Ten women from different backgrounds, different ages, different nationalities gathered during this sunny day to clarify their message and the way to communicate it to the rest of the world.
In the process, they traveled through their life timeline, identifying their turning points, their superpowers and their deepest fears.
And for me, this was actually my own epiphany moment.
Out of 10 random and diverse participants, smart women with a solid background and a deep will to impact the world positively, almost ALL of them were sharing the same barrier: their own insecurity.
They were ALL admiting that their own lack of self-confidence, their inner judge or their recurrent doubts were actually constantly holding them back.
This was my own ahah moment. It was not an isolated phenomenon, something that happened to some extremely introspective persons who were doomed to be lost in their doubts forever.
No, it was actually a general and silent epidemic.
Having experienced these same doubts myself, I was for the first time contemplating them from the outside and realizing how incredible it was that these smart and powerful women were actually the first ones NOT TO BELIEVE IN THEMSELVES.
And I just imagined for an instant what it would mean if this contained and self-restricted potential was actually released to the world…
In this great article on the Confidence gap, Katty Kay and Claire Shipman actually state it simply:
“The natural result of low confidence is inaction. When women hesitate because they aren’t sure, they hold themselves back.”
So we watched the TED talk from Amy Cuddy on how our own gestures and body positions could actually change who we are, affecting little by little the plasticity of our brains until actually becoming what we might have needed to fake in the first place.
As Linda Babcock explains in Women don’t ask, the barriers holding women back and the social forces constraining them actually result in dramatic difference between men and women in their propensity to negotiate for what they want, would it be a promotion, a salary raise or a shift in their schedule.
We need to change the narrative. And this means changing the storytelling.

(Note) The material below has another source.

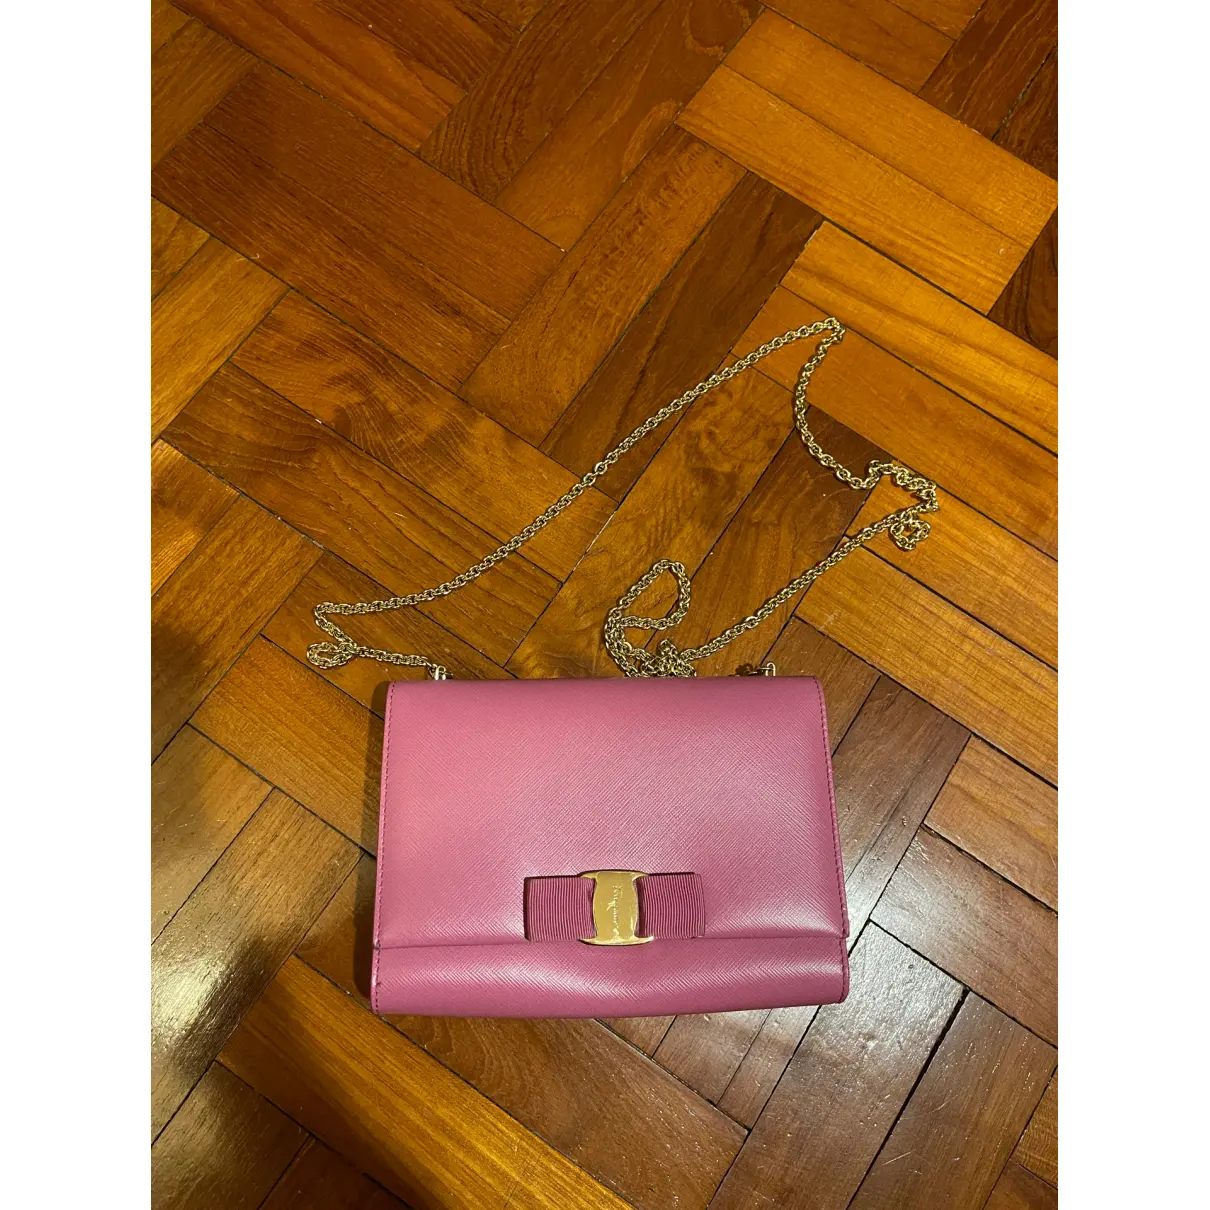 Buy Salvatore Ferragamo Vara leather mini bag online

So we spent the day nailing down their actual unique message, linking it with stories and proven facts. We learnt how to occupy the stage in a confident way, express ourselves with an assertive and changing tone and how to finally come across in a clear and simple way.
And the result was extremely gratifying.
So, since our stories actually shape who we are, let’s change them. Let’s get rid of all the distracting buzz in our heads and actually unleash the power we all have to change the world! One step at a time.